De la libertad de prensa al derecho a la información
Puntal de la democracia, según la teoría liberal clásica
José Luis Esquivel
Profesor de periodismo en la Universiad Autónoma del Nuevo León.
Doctor por la complutense de Madrid.
Recoger o reunir información; transmitirla y comunicarla; publicar, divulgar y emitir noticias, así como el derecho irrestricto a recibir noticias y opiniones por cualquier medio de información, son principios que consagra la teoría liberal clásica, porque el derecho a la información, como disciplina jurídica, nace ante la necesidad de reglamentar y organizar el ejercicio de un derecho natural del hombre, reconocido en las leyes fundamentales de los diversos países modelados en el ámbito jurídico-político de los Estados de Derecho.
Después de que el alemán Johann Gutenberg creó en Maguncial los tipos metálicos móviles para echar a andar la prensa en occidente en 1450, su invento debió enfrentar a dos enemigos poderosos: por un lado, aquellos que veían como un instrumento del demonio el nuevo sistema de difusión múltiple de mensajes escritos y trataron de acallar su voz para que no se produjeran sin autorización libros, folletos ni hojas noticiosas, y por otro, aquellos que hicieron mal uso de tan valiosa herramienta para llenar de textos incendiarios y difamatorios su entorno.

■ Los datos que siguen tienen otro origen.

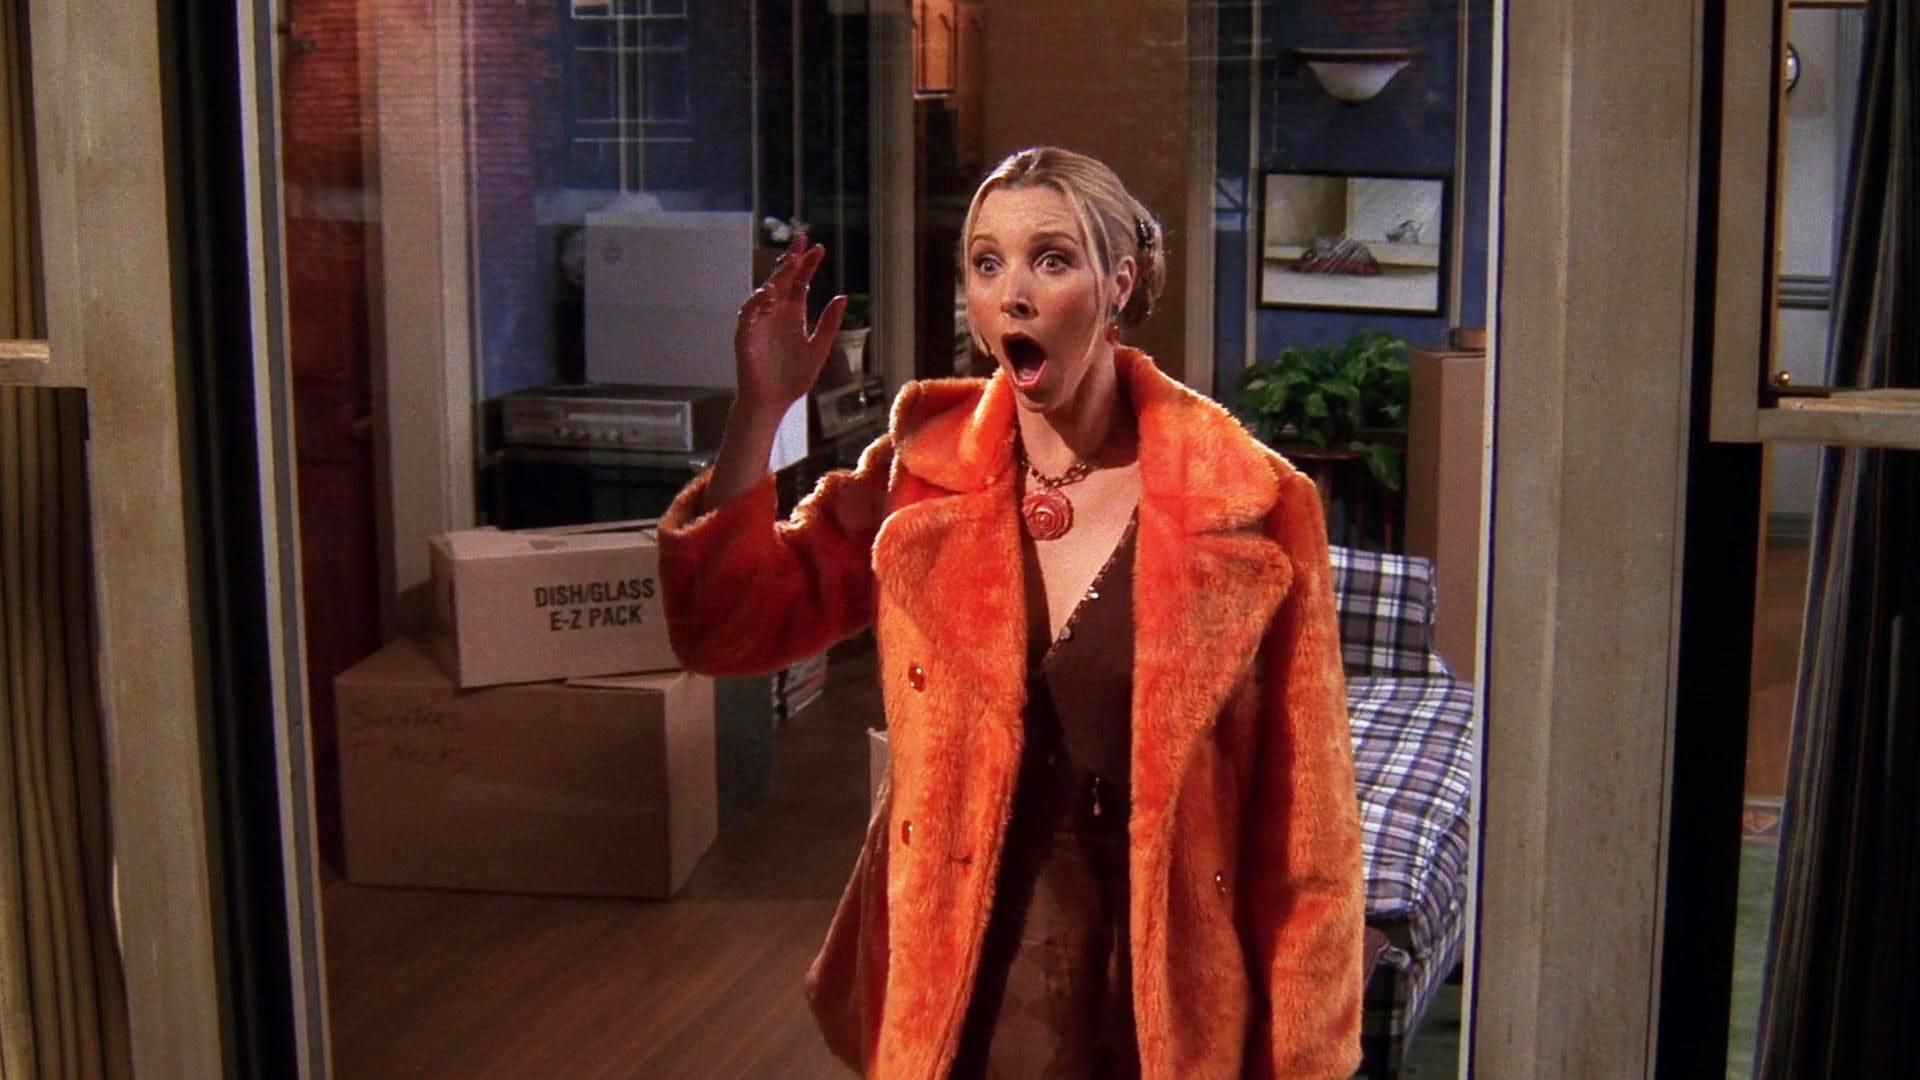 Descubra qual é o episódio mais engraçado de Friends - 6

En sus inicios, el invento de Gutenberg fue sometido por el poder político y eclesiástico principalmente. Por su parte, la lucha de los sectores culturales de la época se centró en conseguir una amplia libertad de imprenta para editar libros que después se extendería al campo de la prensa, cuando se vio, a partir de 1505, la utilidad de los zeitungen en Alemania, las gacetas italianas, que antes eran manuscritas, los news, corantos y mercurios ingleses y las nouvelles o courrieres francesas.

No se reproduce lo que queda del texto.